**PROBLEM DETAILS:**
Excluding all pictures, please output the listing exactly.

**RECORDED INFORMATION:**
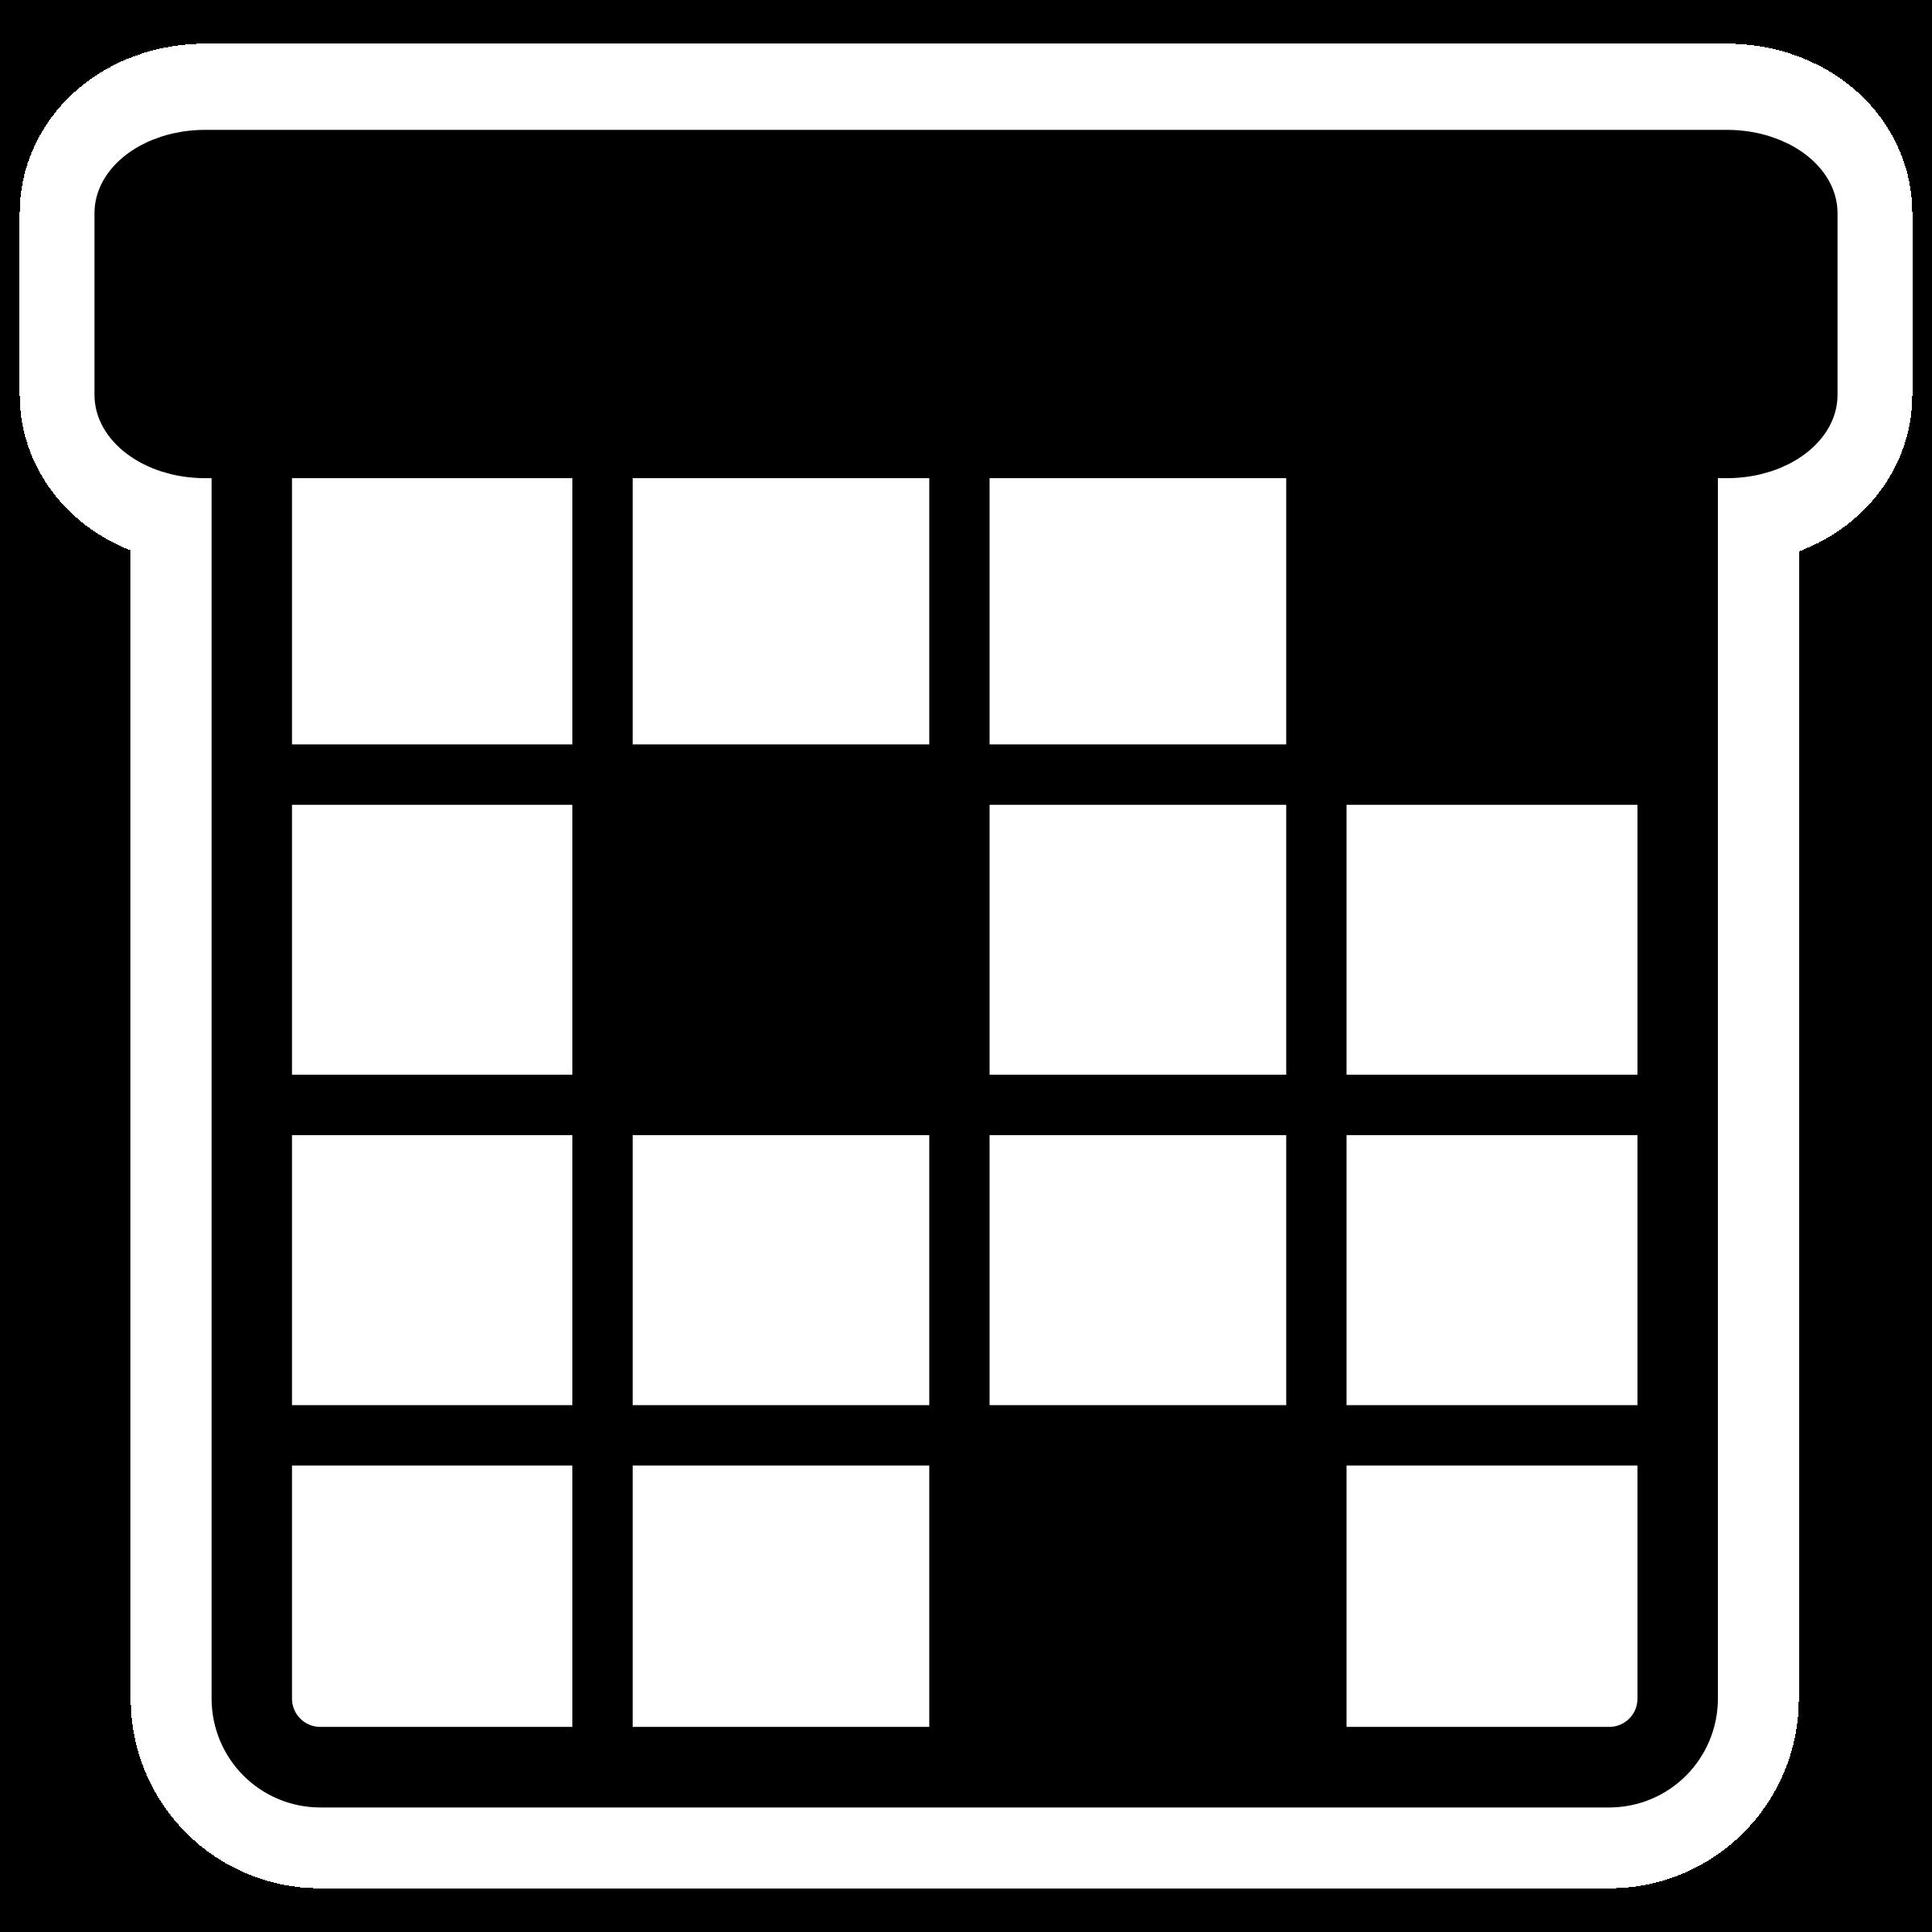 picture library Agenda clipart. Mono big image png
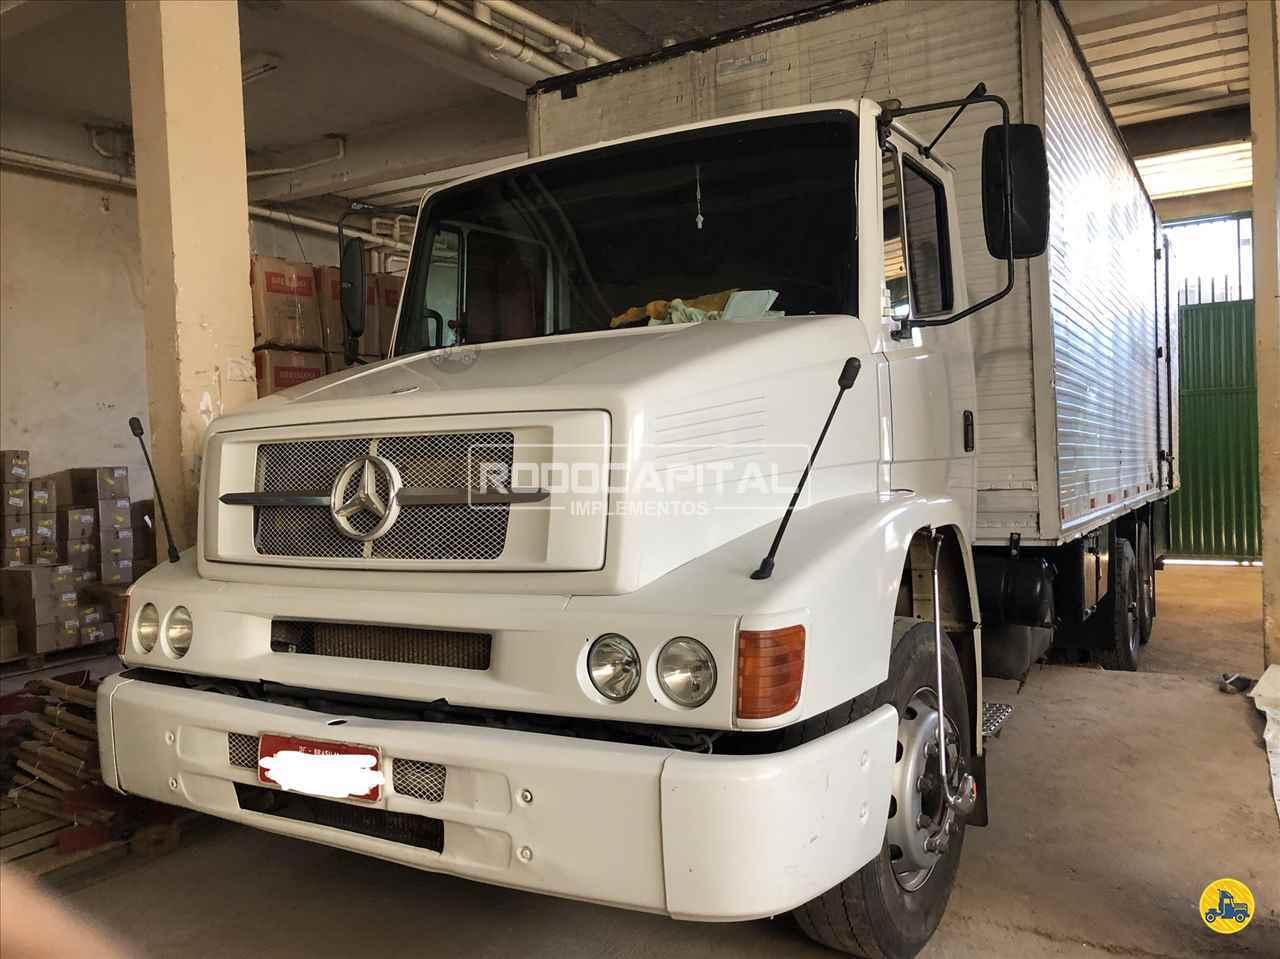 CAMINHAO MERCEDES-BENZ MB 1620 Baú Furgão Truck 6x2 RODOCAPITAL - TRUCKVAN BRASILIA DISTRITO FEDERAL DF
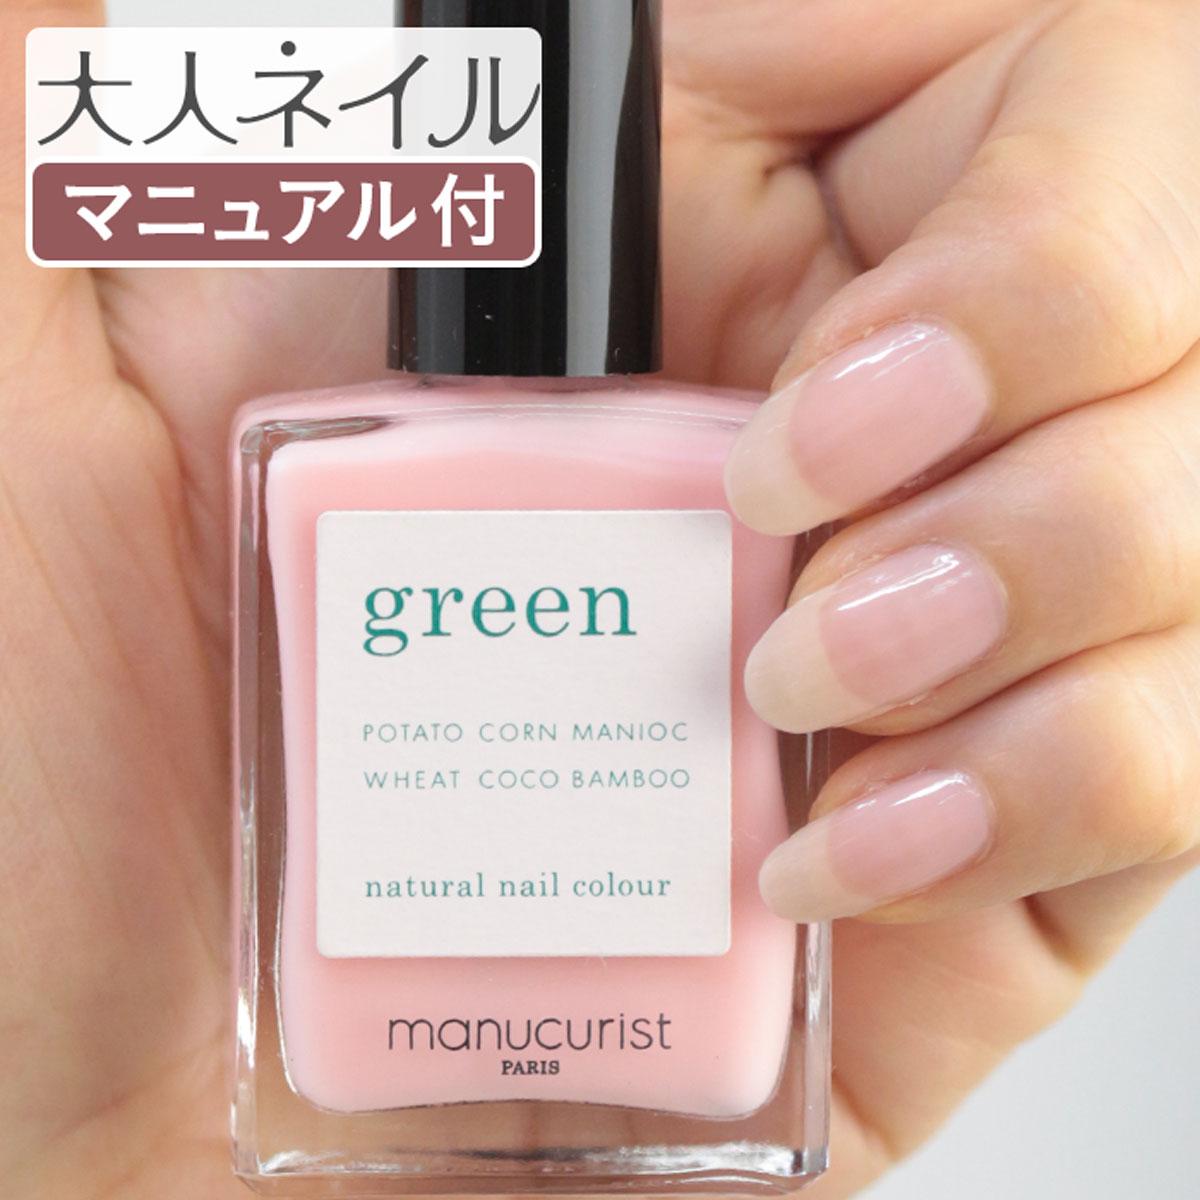 green グリーン ナチュラルネイルカラー オーテンシア 31001 15ml 爪にやさしい クリア シアー うすピンク オフィス ママネイル
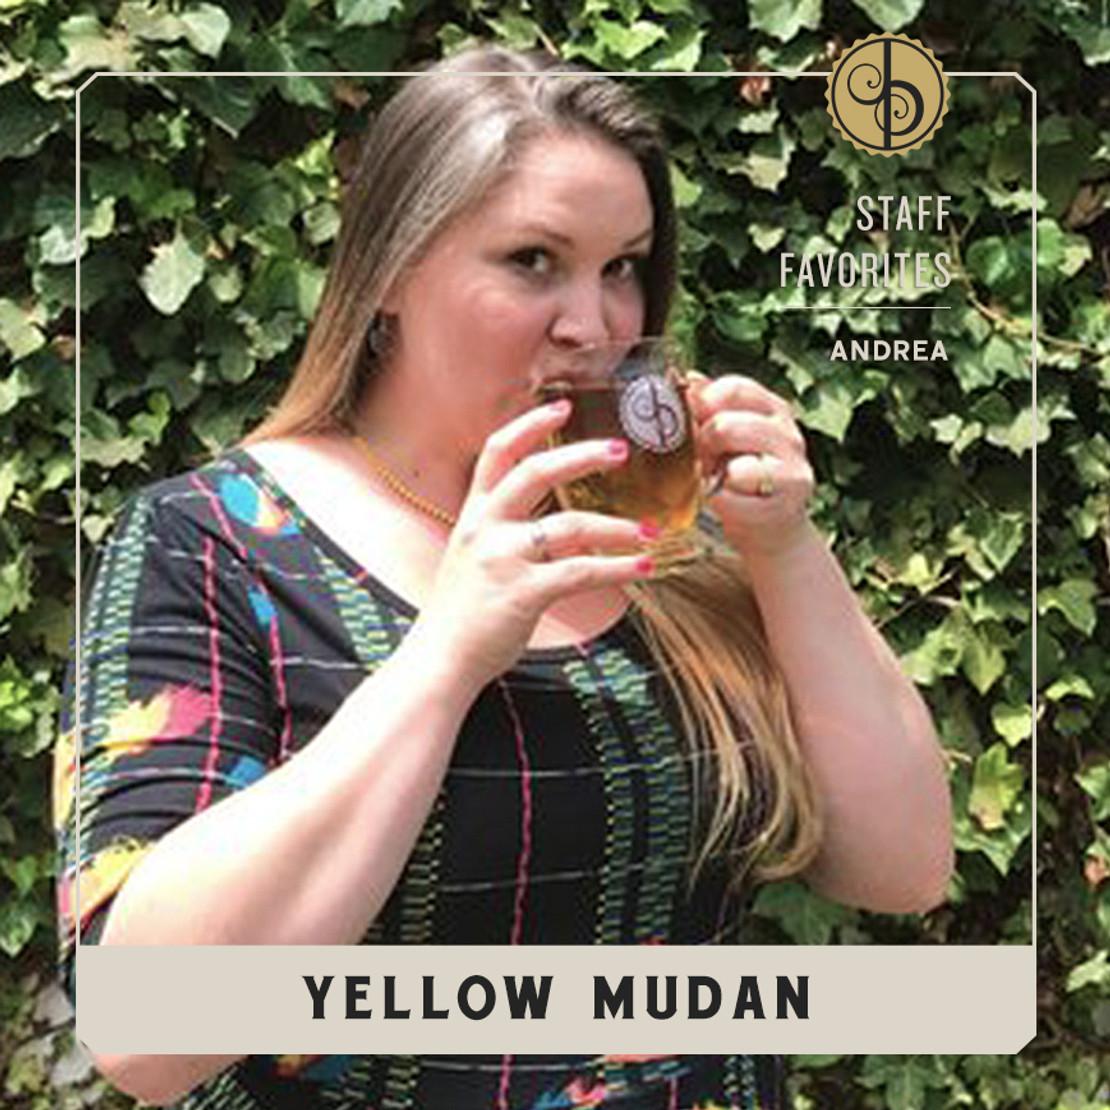 Staff Favorites: Andrea & Yellow Mudan

**YOUR RESPONSE:**
 picture library Agenda clipart. Mono big image png
 CAMINHAO MERCEDES-BENZ MB 1620 Baú Furgão Truck 6x2 RODOCAPITAL - TRUCKVAN BRASILIA DISTRITO FEDERAL DF
 green グリーン ナチュラルネイルカラー オーテンシア 31001 15ml 爪にやさしい クリア シアー うすピンク オフィス ママネイル
 Staff Favorites: Andrea & Yellow Mudan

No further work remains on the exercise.